For now, the young woman who had her every growing-up-dating disaster play out in public has fashioned a tour that embraces all of the phases of her career. Yes, she’s explored EDM (clandestinely co-writing and singing on Rihanna’s “This Is What You Came For”), Americana (folklore), worked with the indie-tastic National’s Aaron Desner and Jack Antonoff, plucked Ed Sheeran, Shawn Mendes, HAIM and Camila Cabello for tour support and watched them turn into superstars. Even this year’s surprise guests Ice Spice, GAYLE and Gracie Abrams are emerging.

It’s not about merch, although demand was so torrid, they opened booths outside the stadiums in the days before her concerts. It’s not about ancillary product deals: there is no vodka, no line of sunglasses, truck or car commercials, not even that ubiquitous red lip franchised for easy application. Nor are there restaurants, bars or cruises. Just her, the music and the fans.

Those fans who couldn’t get tickets, or even the families that couldn’t afford to take everyone to the shows in part spurred the movie. Showings of “The Eras Tour” were filled with little kids, teens, free spirits, LGBTQ+ fans of all ages, all dressed up for their (super)heroine. Dancing, singing, cheering in the aisles, it’s as if they were experiencing the three-hour show with all the songs, all the sweeping production.

Swift gets it, gets being left out, how much getting to be part of the fun matters.
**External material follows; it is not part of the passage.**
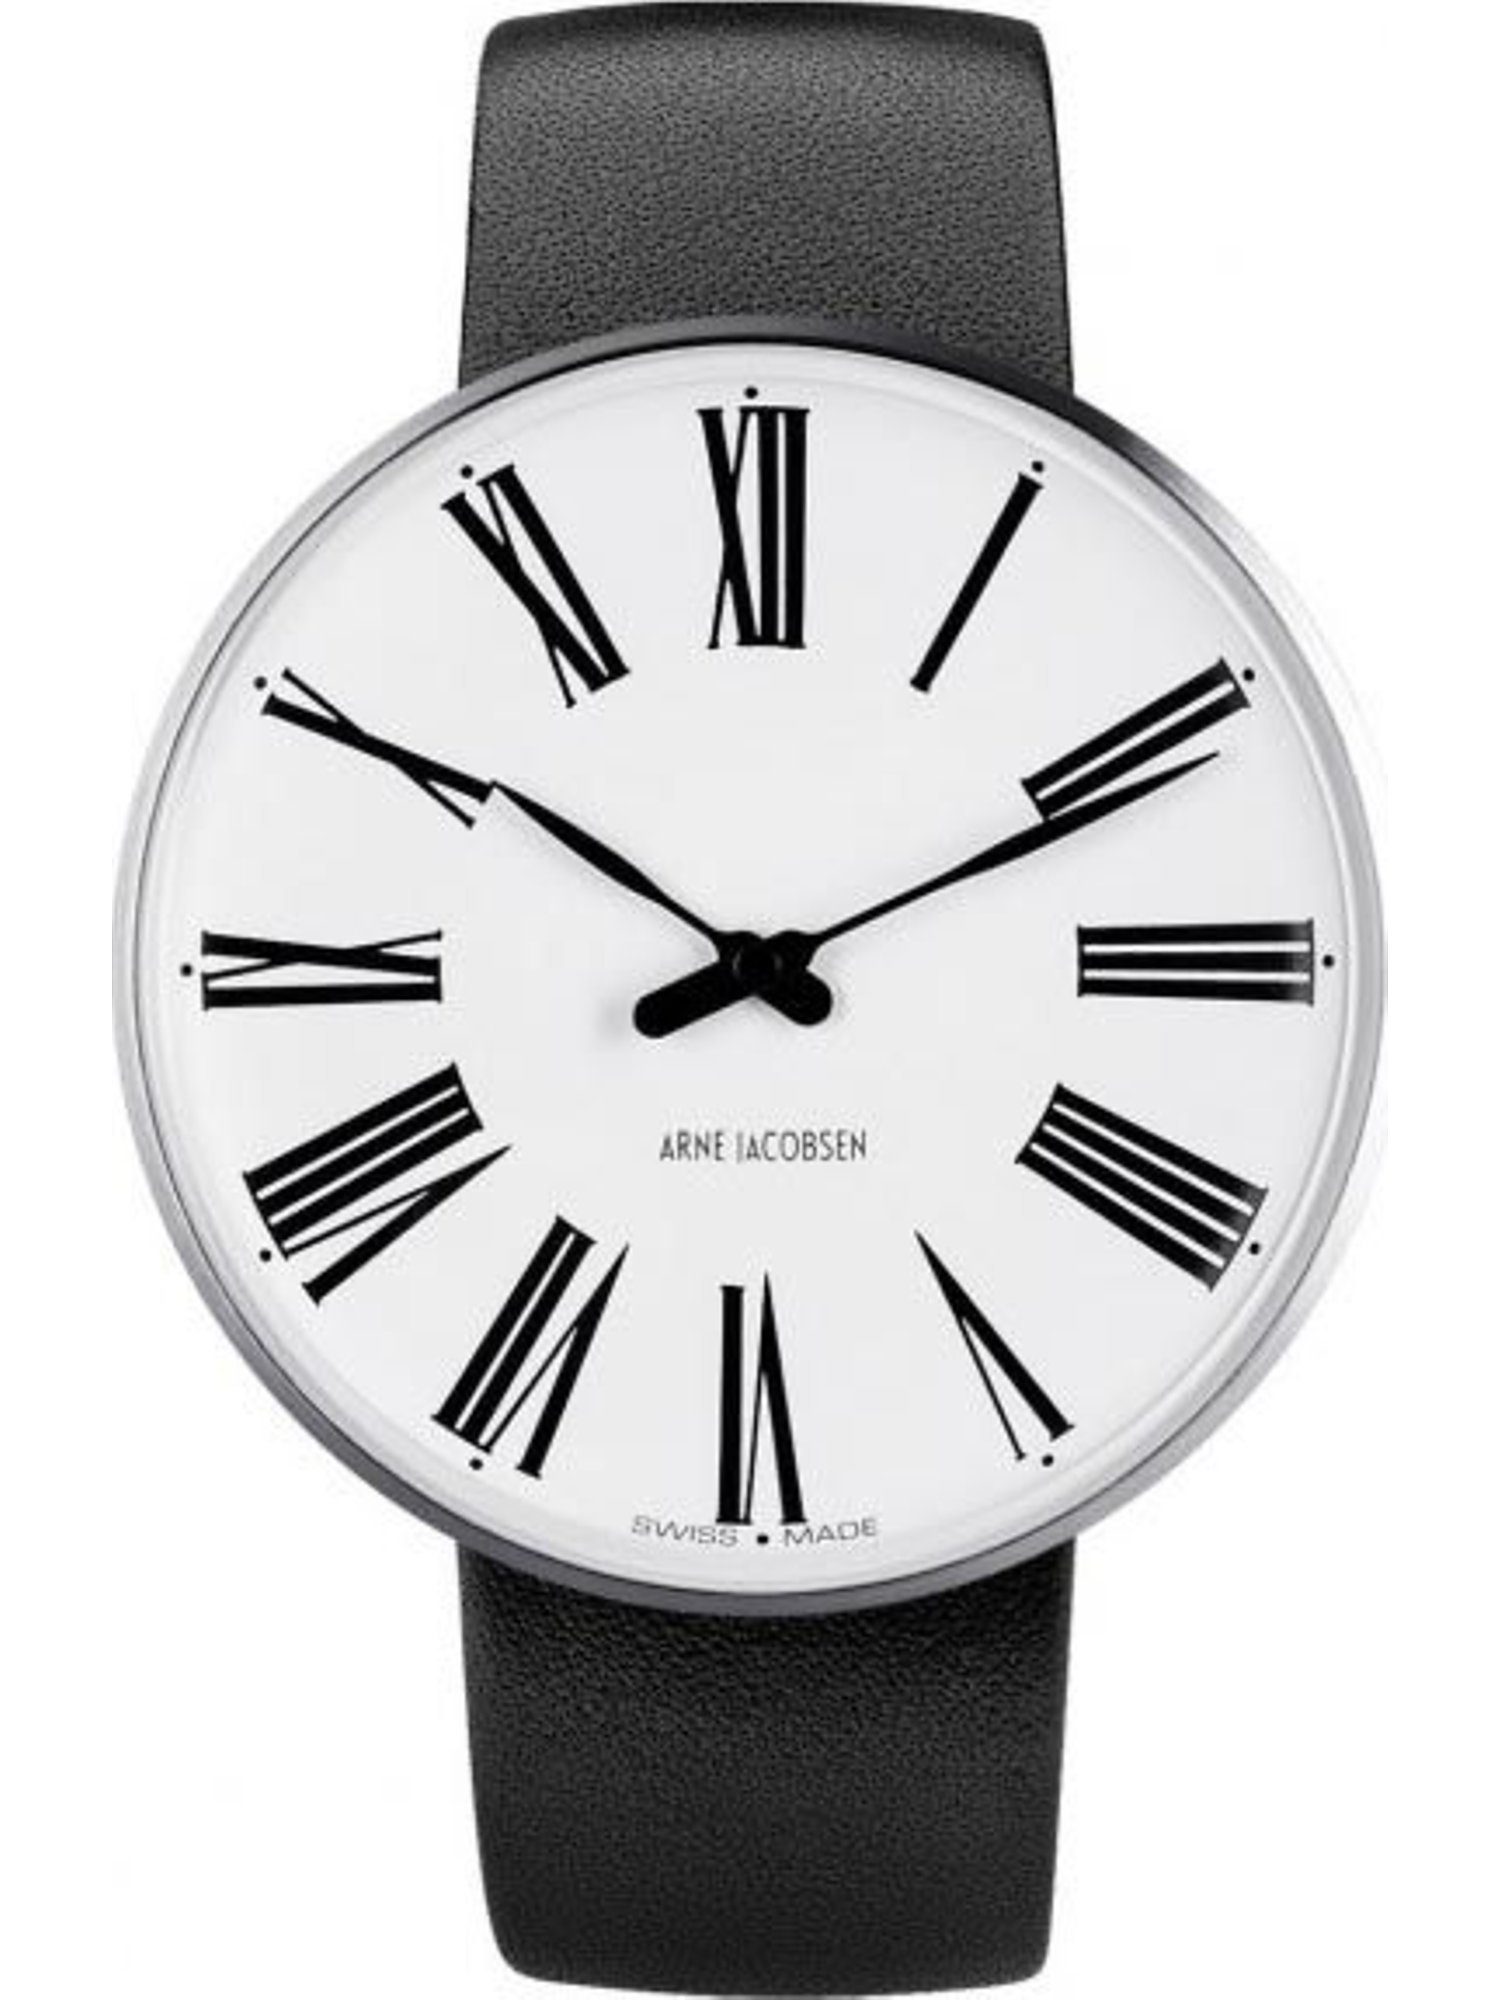 Herren Uhren Arne Jacobsen Quarzuhr Arne Jacobsen Unisex-Uhren Analog Quarz, Klassikuhr

That’s the point of so much of what she does.

Certainly in that realm of “my feminism is we, not me,” she and Beyoncé joined forces to remove the cat-fighting trope the media’s been leaning into by supporting each other at their respective movie premieres. Gracious, lovely, respectful: how it should be.
In a world that’s increasingly strident, aggressive, even bullying, Swift – and her friends – have built a space where people embrace joy instead of rancor, cads are called out, dressing for revenge is a prowl and song cycles are now recognized as chapters in a grown woman’s life.

To see that honesty evolve in real time, some of America’s most prestigious universities, including Harvard, the University of Texas, Berklee and Stanford, are teaching major curriculum on Taylor, as cultural anthropology, English lit extension or sociological studies. Even Gannett, the notoriously stingy newspaper chain, has found the money to hire a reporter dedicated to “the Taylor Swift beat.”

To say she copes graciously with being in the public eye is an understatement. Even the NFL has benefited from her recent interest in the Kansas City Chiefs. “The Swift Effect,” as it’s dubbed, saw the Chiefs/Bears game viewed by 25 million people, many young women who’ve never cared before.

It’s crazy. And just maybe beatific. It’s hard to say if Taylor – just named TIME’s Person of the Year and now on the cover of PEOPLE as their Most Intriguing – is an agent of the rapture. But quite possibly with all the quiet lifts, the massive shows, the squad goals we can aspire to she may be heaven sent?